* [Work request] From the entries below, copy exactly the lines from the one that contains "ТУ 102-588-91" through the one that contains "HP Envy 5640 All-in-One Wi-Fi Printer", both included, and only those.

────

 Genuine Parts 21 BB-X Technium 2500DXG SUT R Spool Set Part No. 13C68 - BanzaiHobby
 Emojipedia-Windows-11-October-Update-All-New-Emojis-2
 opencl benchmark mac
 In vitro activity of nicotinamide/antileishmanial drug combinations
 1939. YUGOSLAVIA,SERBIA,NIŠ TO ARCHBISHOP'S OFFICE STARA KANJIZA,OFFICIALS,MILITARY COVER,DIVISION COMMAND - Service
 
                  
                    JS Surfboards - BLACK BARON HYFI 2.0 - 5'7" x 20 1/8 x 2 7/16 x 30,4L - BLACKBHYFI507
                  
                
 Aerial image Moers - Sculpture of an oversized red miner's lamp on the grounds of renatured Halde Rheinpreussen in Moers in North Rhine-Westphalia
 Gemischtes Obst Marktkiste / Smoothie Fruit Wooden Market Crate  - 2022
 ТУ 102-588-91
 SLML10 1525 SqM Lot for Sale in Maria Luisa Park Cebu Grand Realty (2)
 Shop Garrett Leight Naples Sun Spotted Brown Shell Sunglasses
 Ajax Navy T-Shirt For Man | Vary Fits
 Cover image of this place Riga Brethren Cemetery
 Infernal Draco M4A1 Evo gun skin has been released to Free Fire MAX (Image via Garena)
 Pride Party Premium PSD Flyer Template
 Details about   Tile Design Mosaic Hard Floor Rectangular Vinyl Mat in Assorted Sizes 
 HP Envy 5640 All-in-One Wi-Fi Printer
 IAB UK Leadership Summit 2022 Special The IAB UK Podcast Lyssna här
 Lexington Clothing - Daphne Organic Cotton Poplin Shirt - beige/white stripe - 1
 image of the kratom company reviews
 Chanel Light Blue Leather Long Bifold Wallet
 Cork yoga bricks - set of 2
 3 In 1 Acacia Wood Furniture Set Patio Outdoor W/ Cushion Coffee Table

────

* [Output of the task]
 ТУ 102-588-91
 SLML10 1525 SqM Lot for Sale in Maria Luisa Park Cebu Grand Realty (2)
 Shop Garrett Leight Naples Sun Spotted Brown Shell Sunglasses
 Ajax Navy T-Shirt For Man | Vary Fits
 Cover image of this place Riga Brethren Cemetery
 Infernal Draco M4A1 Evo gun skin has been released to Free Fire MAX (Image via Garena)
 Pride Party Premium PSD Flyer Template
 Details about   Tile Design Mosaic Hard Floor Rectangular Vinyl Mat in Assorted Sizes 
 HP Envy 5640 All-in-One Wi-Fi Printer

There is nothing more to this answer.